Pictures stay out of the copy. Transcribe exactly the lines from the line with "Traina Design - Moto Sonora Brewing Co.2.jpg" through the final line of the records.
---- Records shown
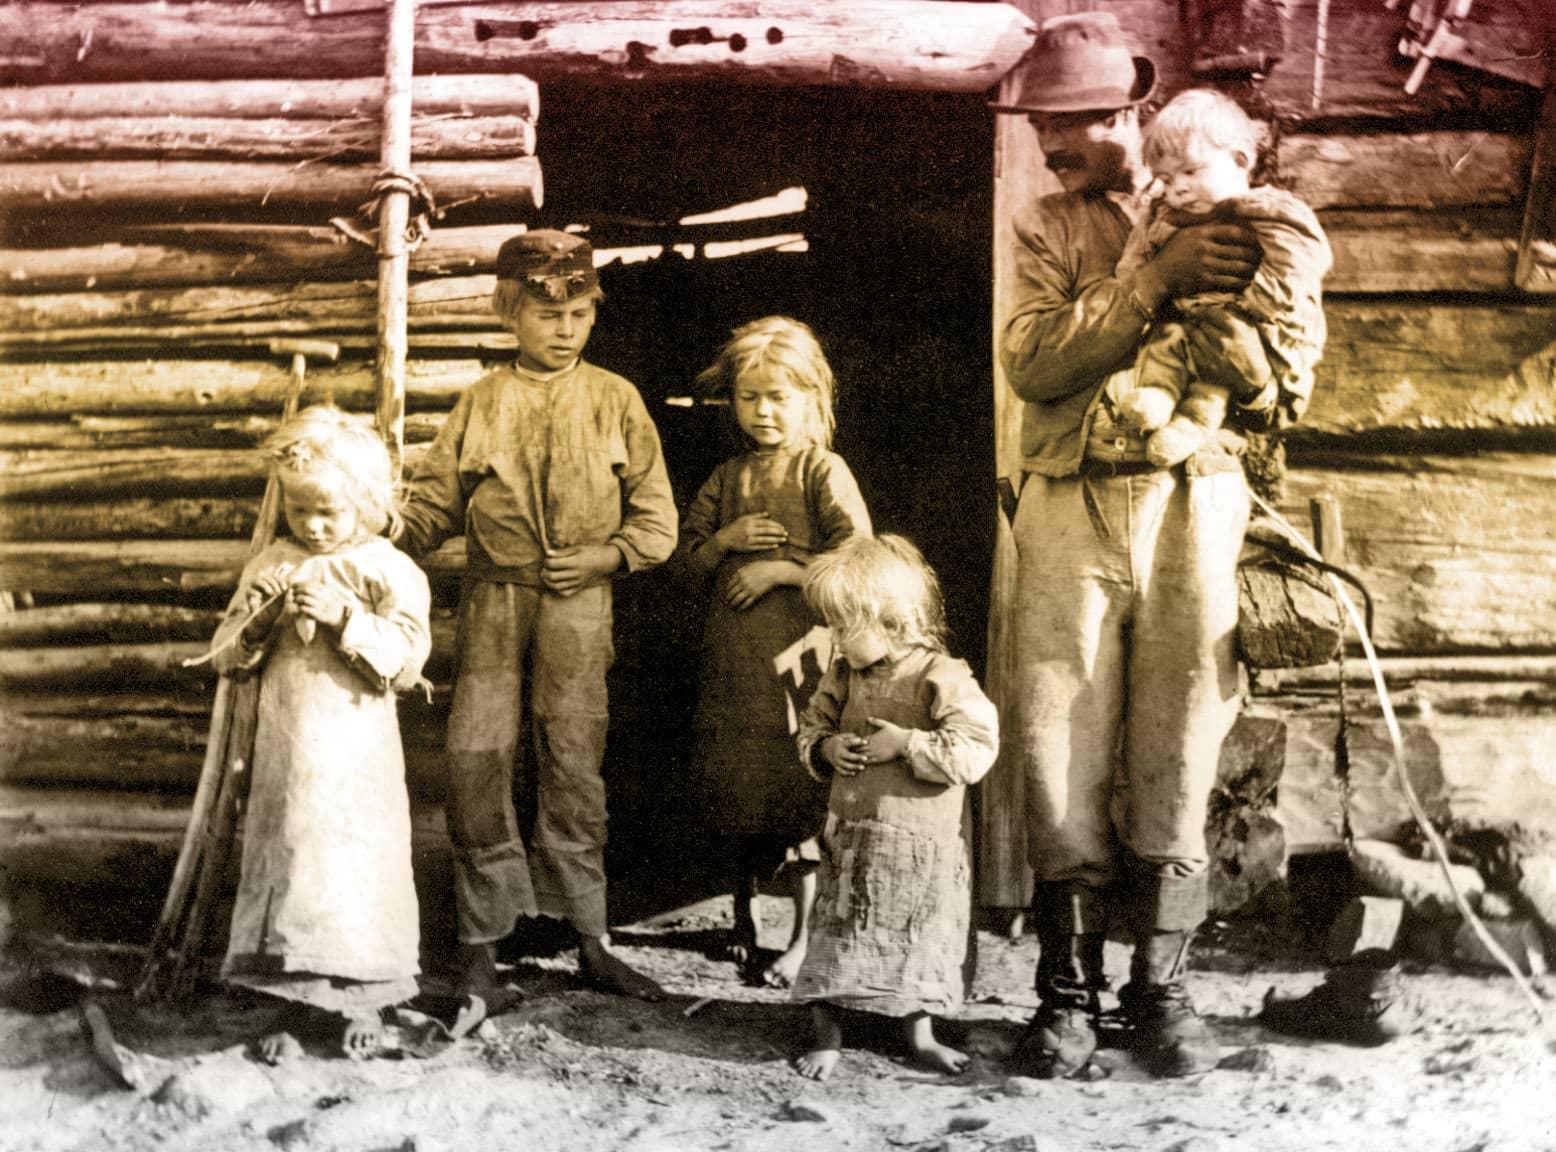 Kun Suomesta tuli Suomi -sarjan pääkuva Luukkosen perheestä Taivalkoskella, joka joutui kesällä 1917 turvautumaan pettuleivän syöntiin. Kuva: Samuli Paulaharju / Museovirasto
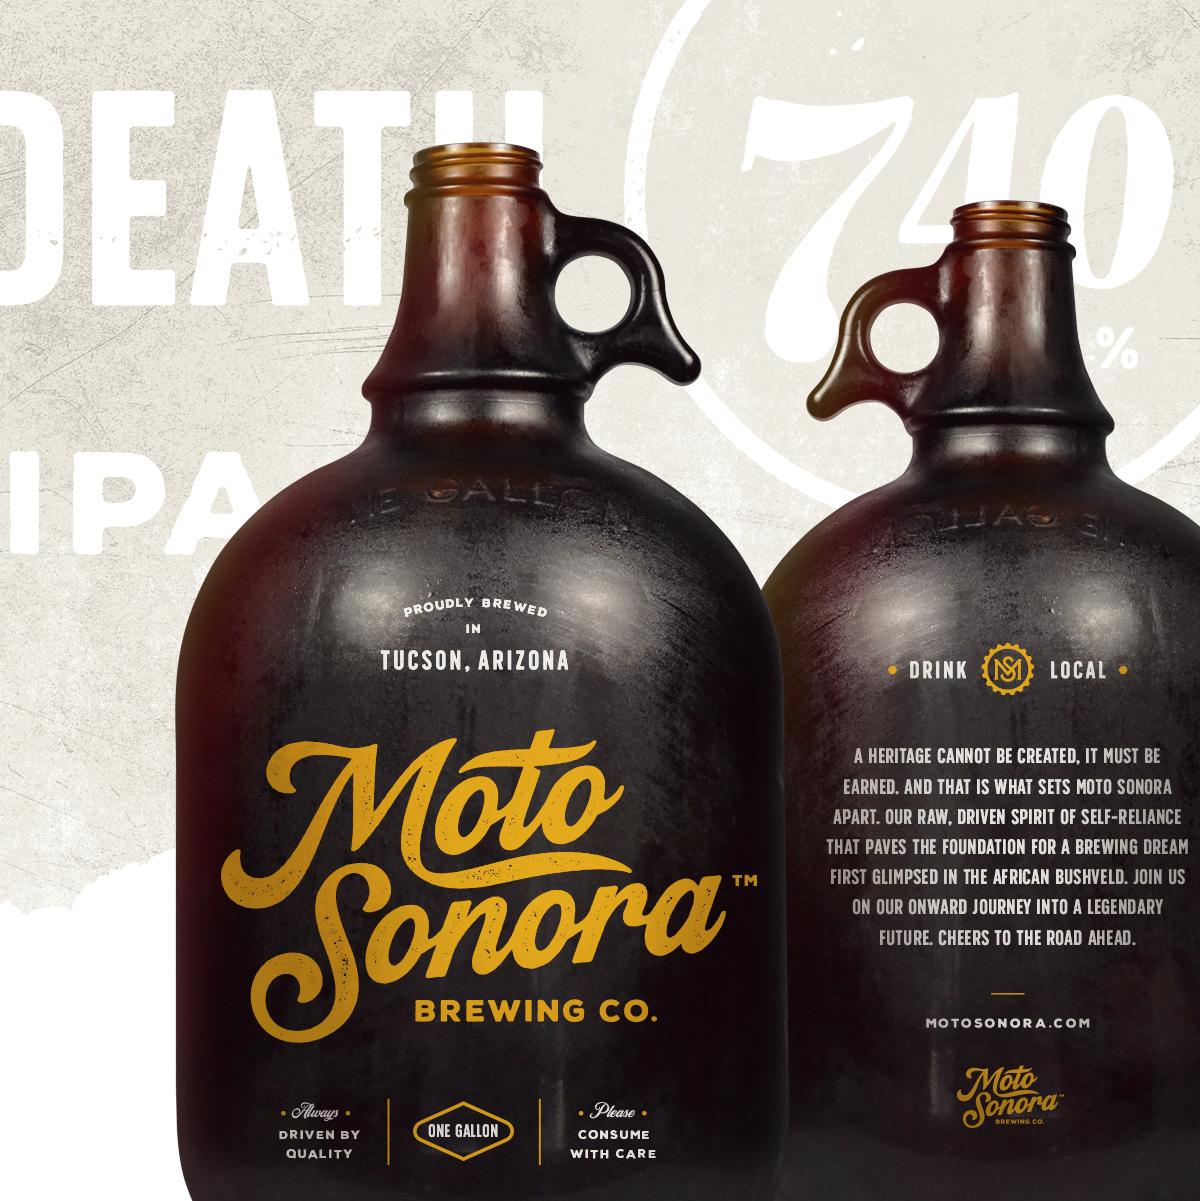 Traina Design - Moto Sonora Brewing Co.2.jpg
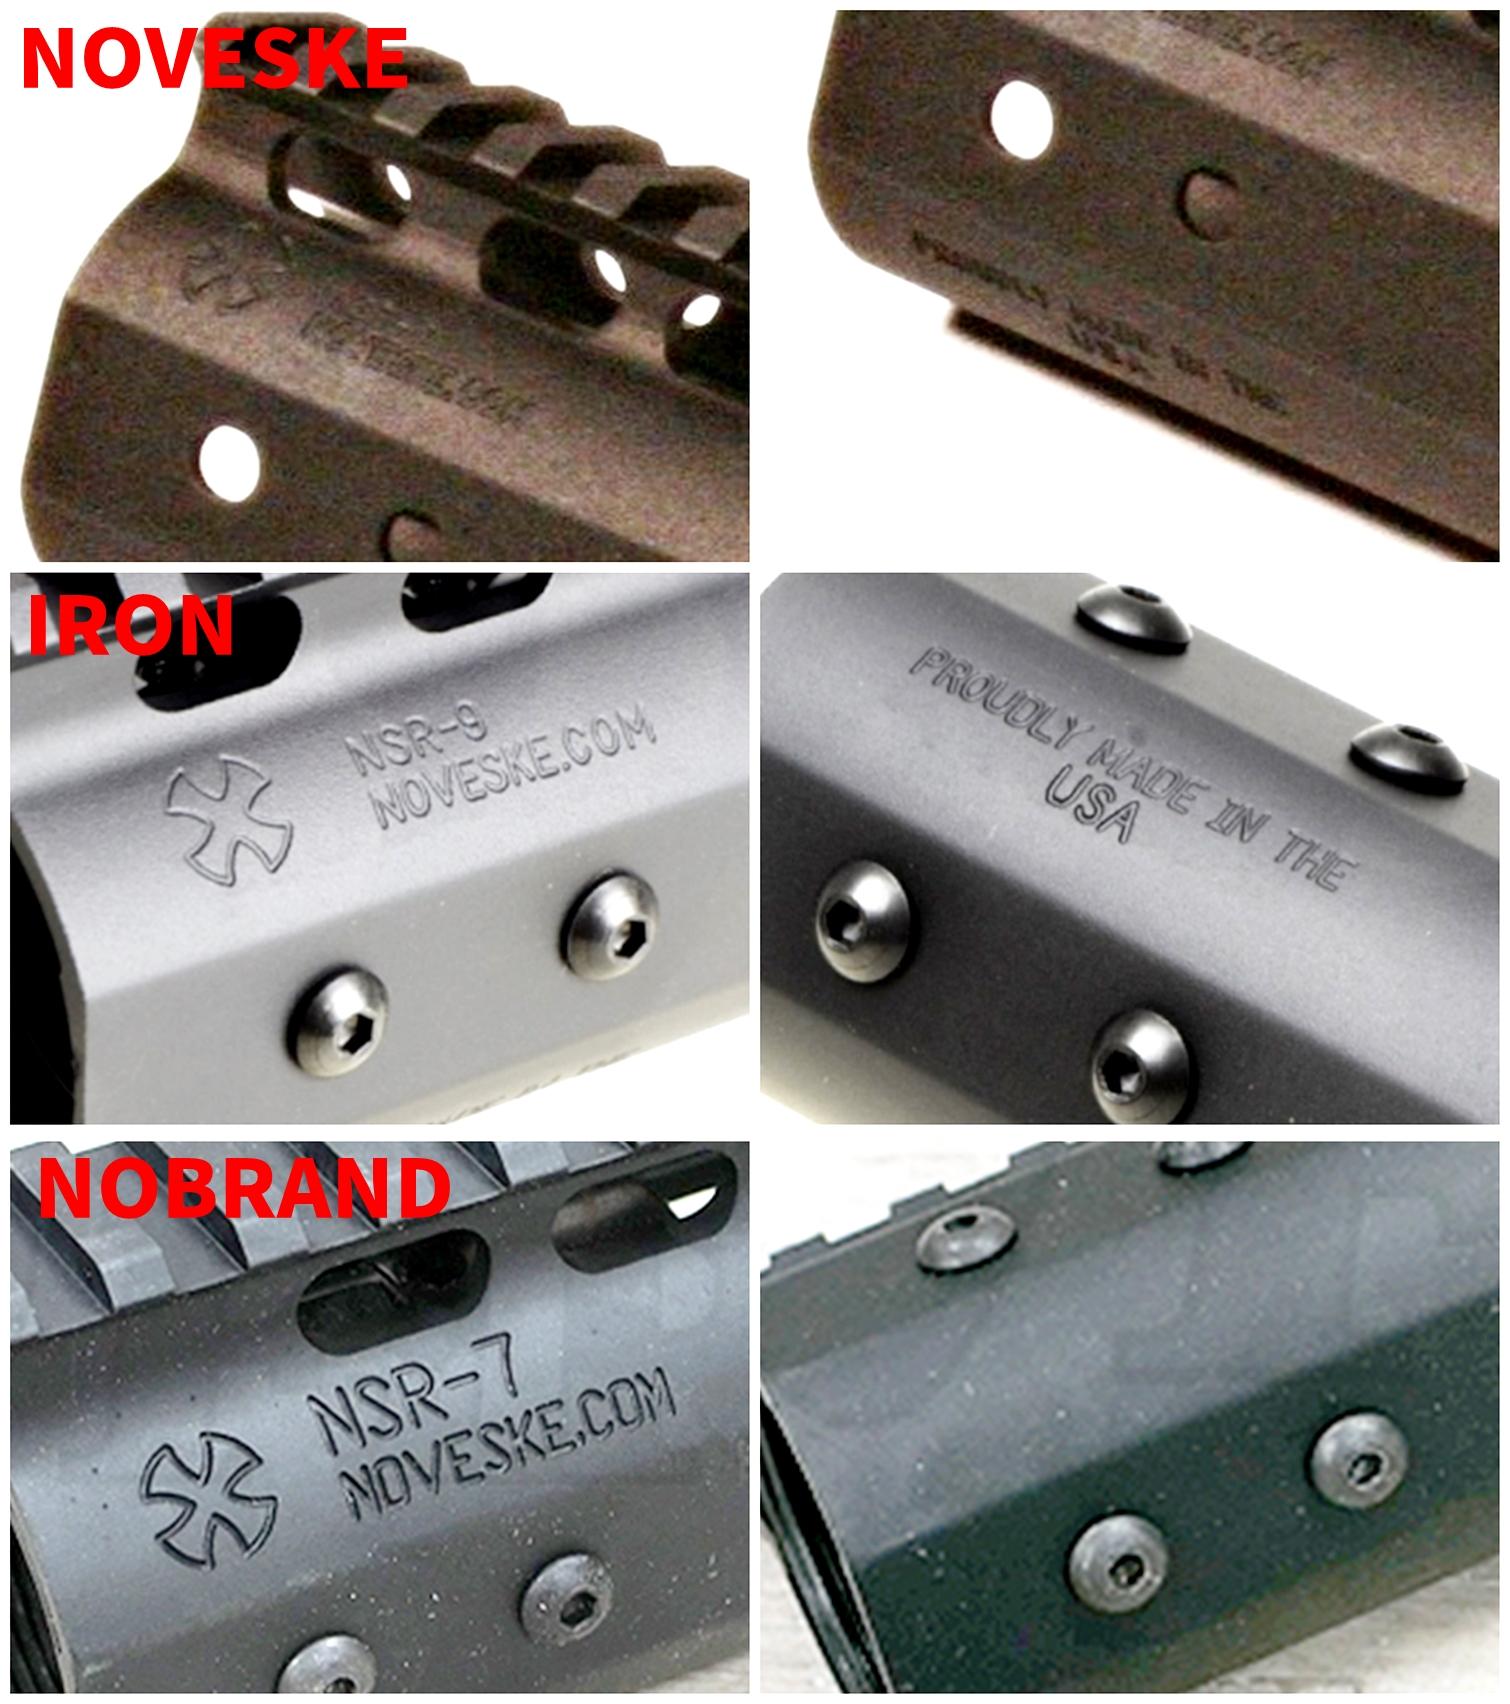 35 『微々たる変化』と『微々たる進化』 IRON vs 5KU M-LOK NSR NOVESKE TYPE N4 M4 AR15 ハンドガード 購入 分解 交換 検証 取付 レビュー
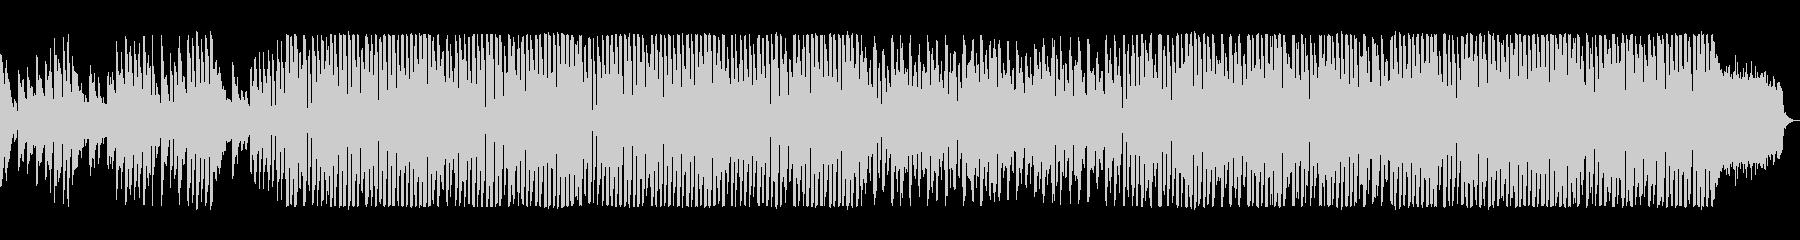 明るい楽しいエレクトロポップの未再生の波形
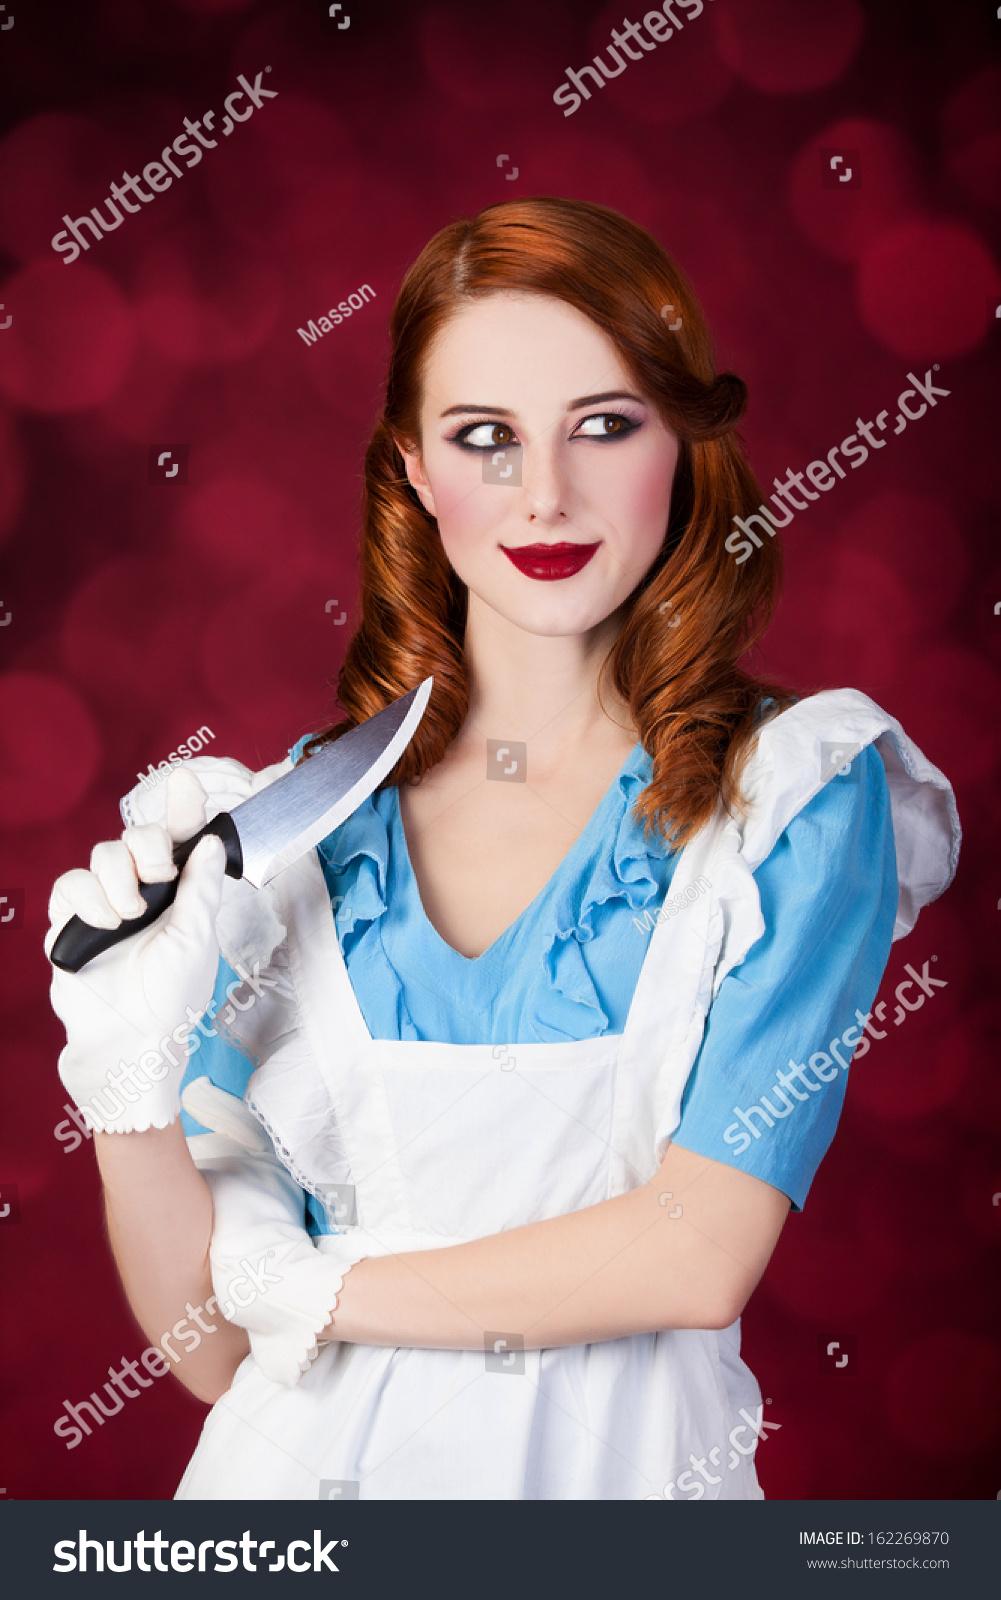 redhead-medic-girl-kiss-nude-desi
--------
* Exercise solution
 Traina Design - Moto Sonora Brewing Co.2.jpg
 35 『微々たる変化』と『微々たる進化』 IRON vs 5KU M-LOK NSR NOVESKE TYPE N4 M4 AR15 ハンドガード 購入 分解 交換 検証 取付 レビュー
 明るい楽しいエレクトロポップの未再生の波形
 redhead-medic-girl-kiss-nude-desi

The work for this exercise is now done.